Однако появлению Лешеньки на свет предшествовал такой смерч обид, такой самум взаимных упреков, такой тайфун в самом эпицентре житейского моря Лифшицев – Самошникова, что в этой, по сути говоря, банальнейшей акватории корабль родительской любви семьи Лифшицев чуть было не пошел ко дну ко всем свиньям собачьим!
1 2 3 4 5 6 7 8 9 10 11 12 13 14 15 16 17 18 19 20 21 22 23 24 25 26 27 28 29 30 31 32 33 34 35 36 37 38 39 40 41 42 43 44 45 46 47 48 49 50 51 52 53 54 55 56 57 58 59 60 61 62 63 64 65 66 67 68 69 70 71 72 73 74
До дефлорации оставалось пятьдесят семь минут. Всего.
За этот краткий миг мироздания свершилась уйма событий, спрессованных во времени, словно взведенная боевая пружина автомата «ППШ». «Калашниковых» тогда еще не было.
Первым делом парень в лыжной шапочке сбросил с себя ватник прямо на пол и пошел в туалет, на ходу разматывая толстую стальную проволоку с металлической мочалкой на конце.
Потом он запихнул й горшок эту мочалку и стал ритмически, вперед и назад, всовывать стальную проволоку все глубже и глубже в жерло горшка. При этом он шумно и так же ритмично дышал в такт своим наклонам.

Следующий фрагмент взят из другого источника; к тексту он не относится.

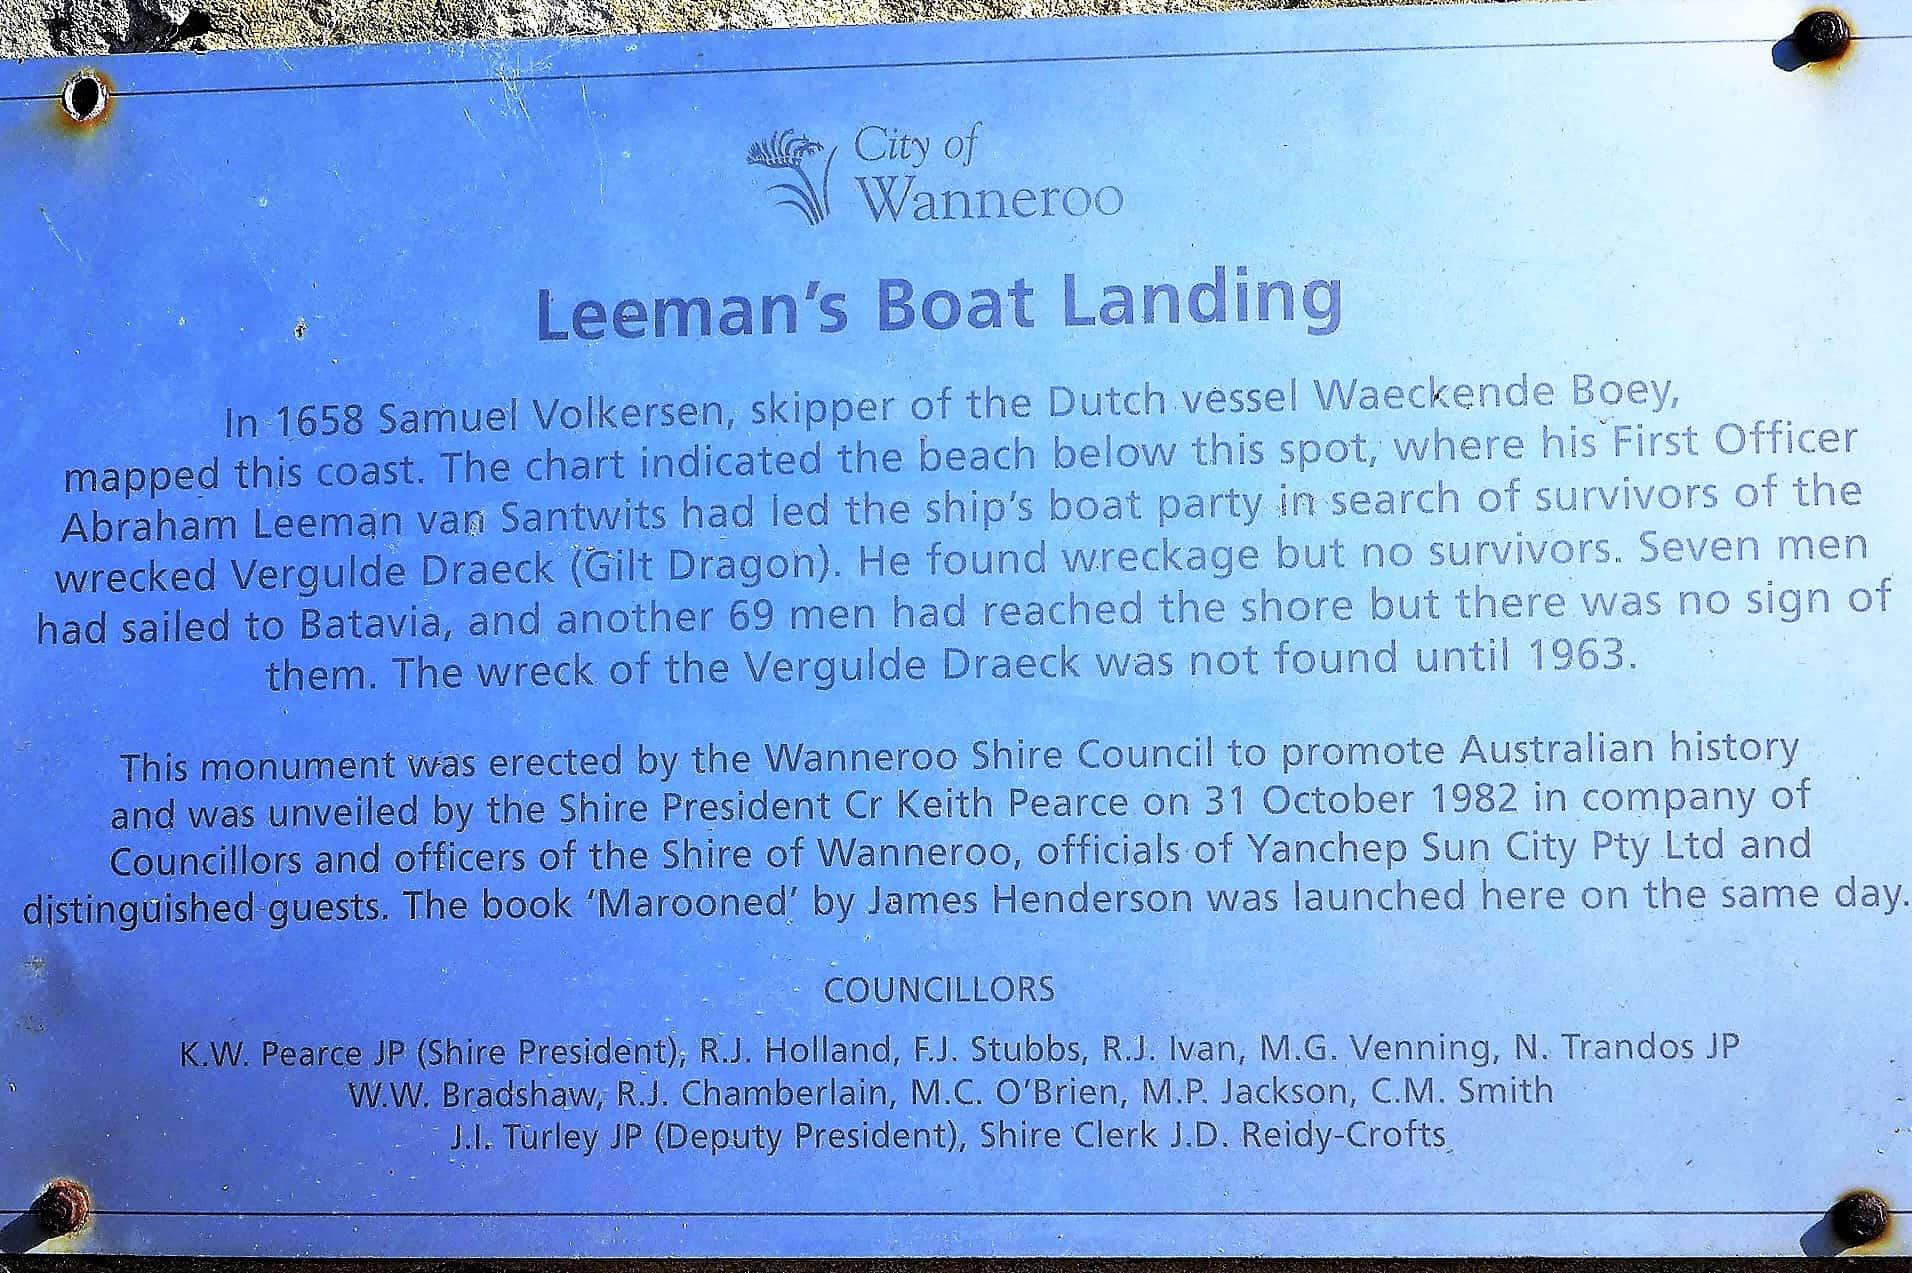 Leeman's boat landing

Воспаленному воображению Фирочки эти наклоны и прерывистое дыхание парня ни к селу ни к городу напомнили одну картинку двухлетней давности. На третьем курсе педучилища Фирочку послали на педагогическую практику в пионерский лагерь завода «Большевик». Там она впервые в жизни и увидела ЭТО… Вернулась вечерком от своих верных октябрят-ленинцев в служебный корпус и в нечаянно приоткрывшуюся дверь случайно узрела, как веселый физрук из института Лесгафта во все завертки пользовал старшую пионервожатую – завотделом школьного воспитания Невского районе Они тогда дышали точно так же, как этот парень-сантехник…

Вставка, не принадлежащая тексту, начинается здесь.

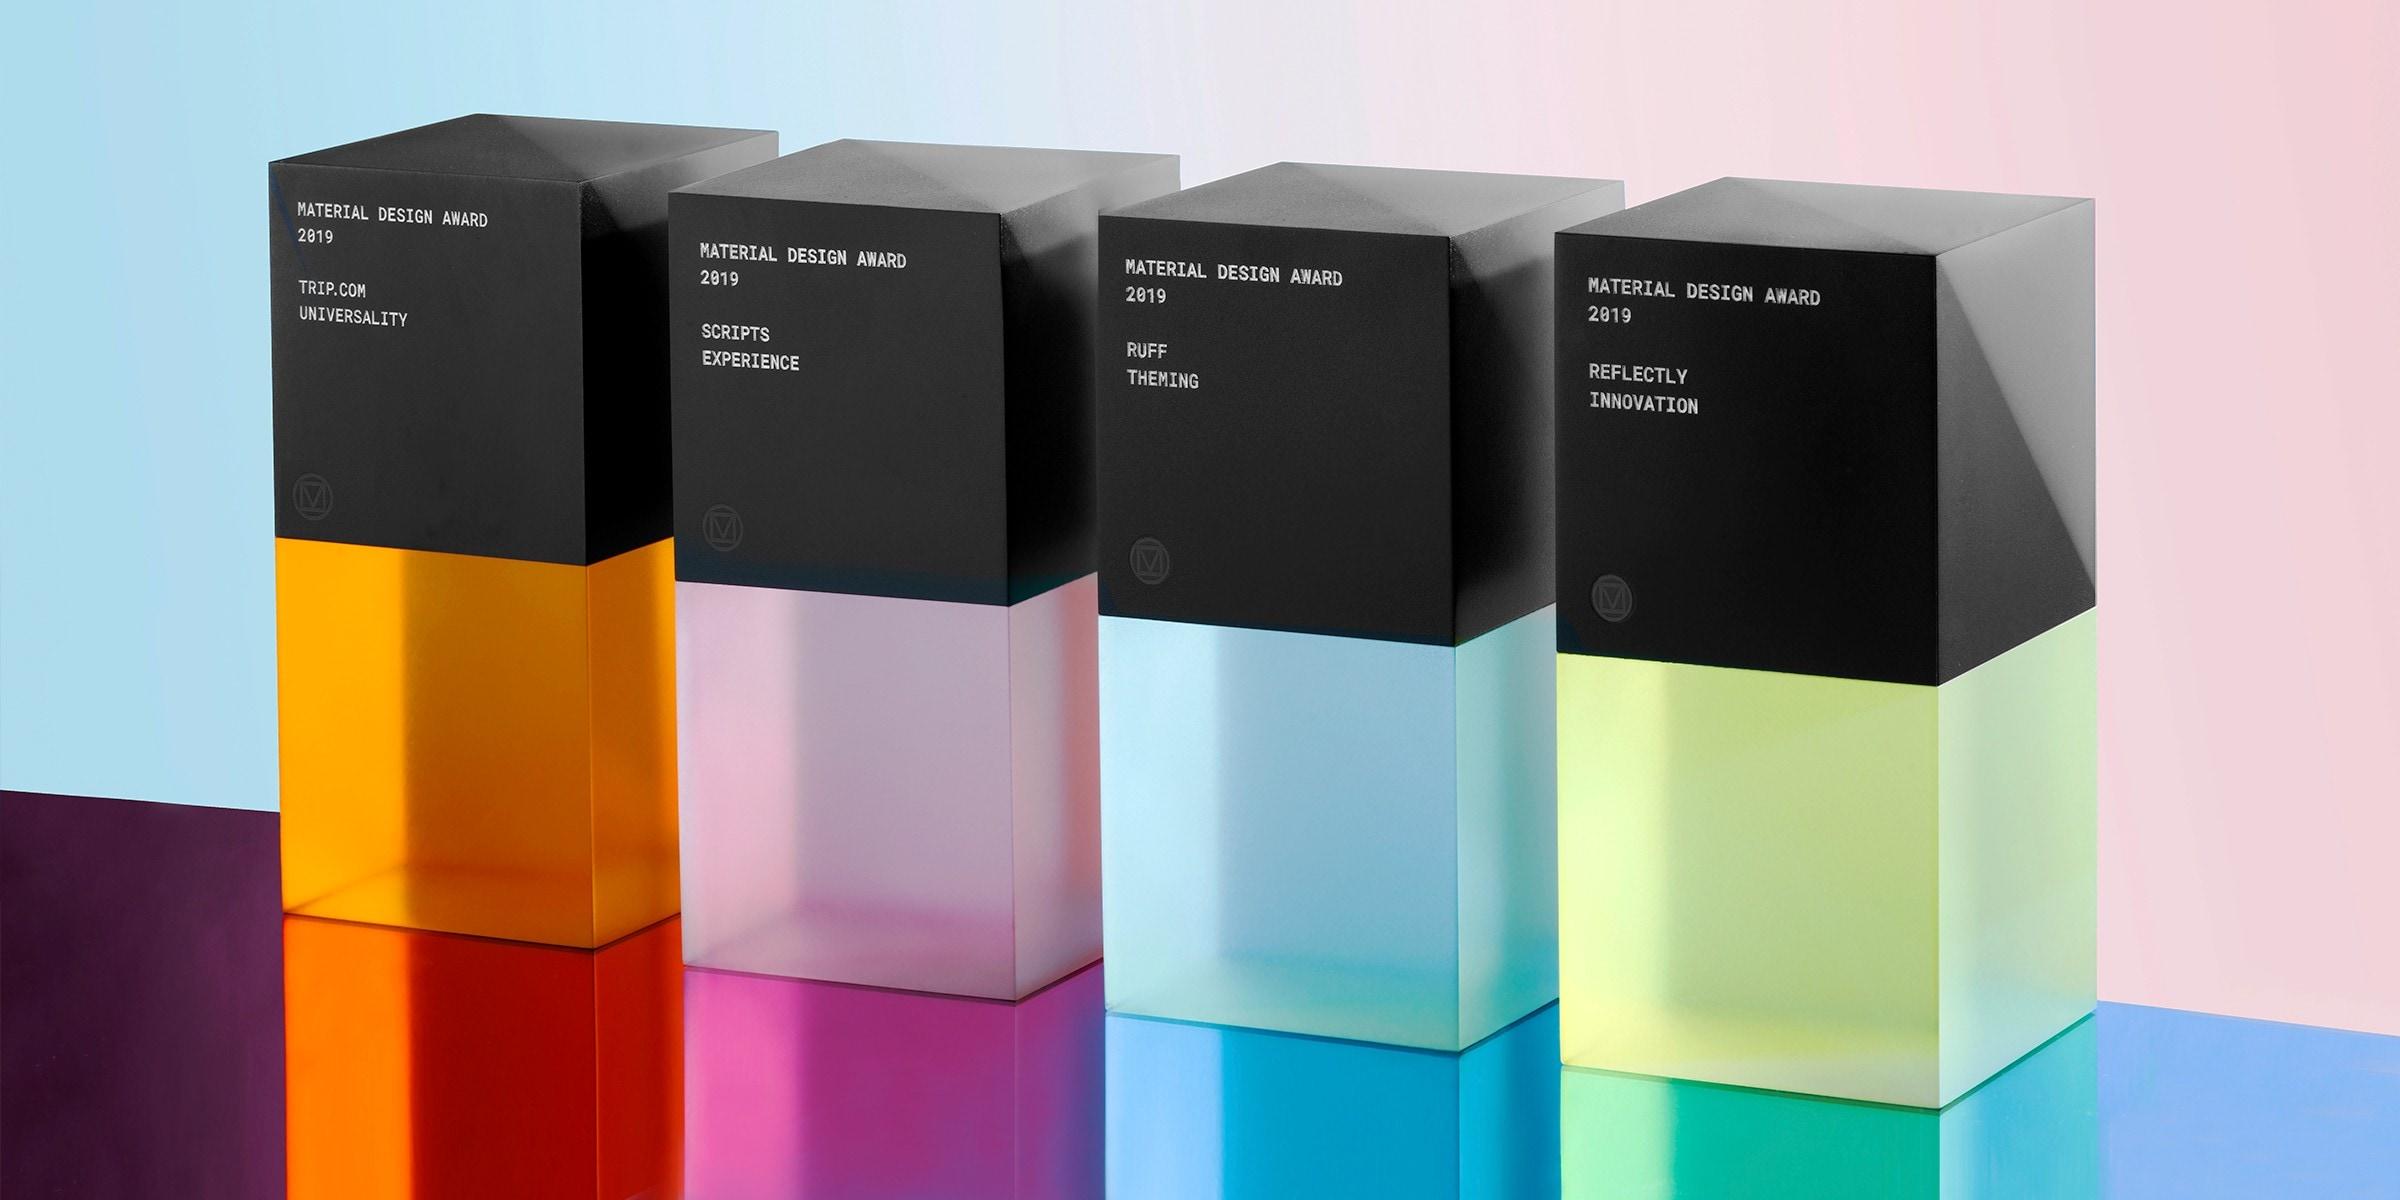 Google premia le migliori app, ecco i quattro vincitori dei Material Design Award 2019

А еще Фирочку заворожили руки этого парня. Огромные ладони, словно совковые лопаты, совершенно не соответствовали его длинному, тощему телу. Он был похож на большого некормленого щенка с рано разросшимися передними лапами.

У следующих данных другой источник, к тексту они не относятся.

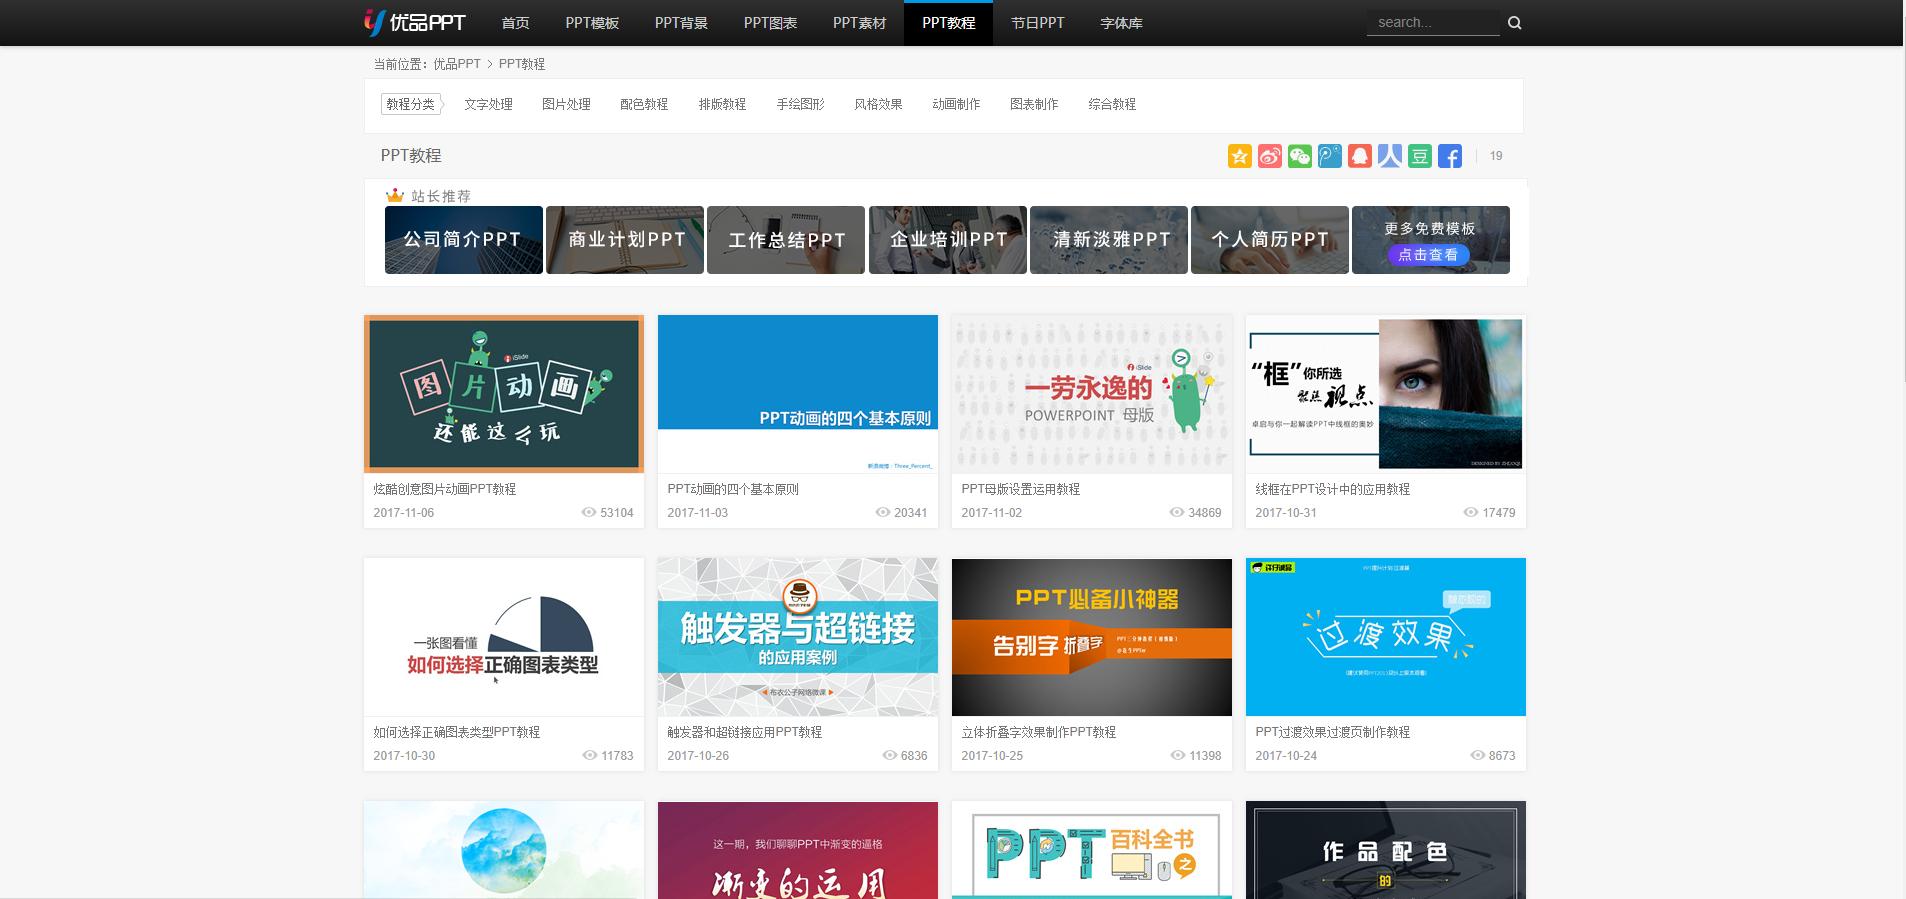 免费PPT模板在哪里下载?这几个PPT模板网站建议收藏起来!

Ах, как вдруг захотелось Фирочке ощутить эти непомерно крупные, расцарапанные и сильные ладони на своем теле!..
– Соседи ваши нижние виноваты, раздолбай несчастные! – хрипел над горшком парень. – Глянь… Тут тебе и тряпки, и шелуха картофельная! Вот ваш слив и не проходит, куда положено… Штрафануть бы их, обормотов чертовых…
Но Фирочка не видела ни тряпок, ни шелухи.
Она глаз не могла отвести от рук этого парня, от его согнутой, тонкой спины и совсем не понимала – о чем он там хрипло бормочет над унитазом.
А он, мокрый и взъерошенный, в дурацкой лыжной шапочке с помпоном, смешно сбившейся на затылок и на ухо, проверил высвобожденный сток воды, выпрямился и повернулся к Фирочке:
– Возьми у меня вот из этого кармана наряд на вызов и подпиши. А то у меня руки грязные…
Фирочка вплотную приблизилась к парню, ощутила всю смесь запахов разгоряченного мужского тела и уже почти в бессознательном состоянии вытащила из верхнего кармана комбинезона какую-то бумаженцию. И где-то там расписалась.
– И покажи – где руки помыть, – сказал парень неожиданно севшим голосом.
Фирочка показала. И пока он мыл руки над раковиной, Фирочка стояла за ним с чистым полотенцем, и сердце ее билось в сотни раз сильнее и громче, чем даже тогда, когда она на выпускном вечере педучилища, в пустой и темной аудитории, взасос целовалась с освобожденным секретарем их комсомольской организации.
До потери невинности Фирочке оставалось тридцать четыре минуты.
За это время Фирочка, пребывая почти в сомнамбулическом состоянии, умудрилась совершить кучу дел: после безуспешных попыток всучить парню два рубля за работу – Фирочка помнила, что именно так мама всегда расплачивалась с водопроводчиками и дворниками, – ей удалось уговорить парня съесть мамин бульон с клецками и всю горячо любимую папой докторскую колбасу. Фирочка даже успела напоить его чаем с замечательными соевыми батончиками, в которых сама души не чаяла.
А парень что-то жевал, прихлебывал, откусывал и глаз не мог оторвать от тревожно взволнованной Фирочки. Ее смятение и страх ожидаемого полностью передались ему, и, несмотря на то что в жизни этого паренька уже были кое-какие девицы, ТАКОЕ с ним происходило впервые!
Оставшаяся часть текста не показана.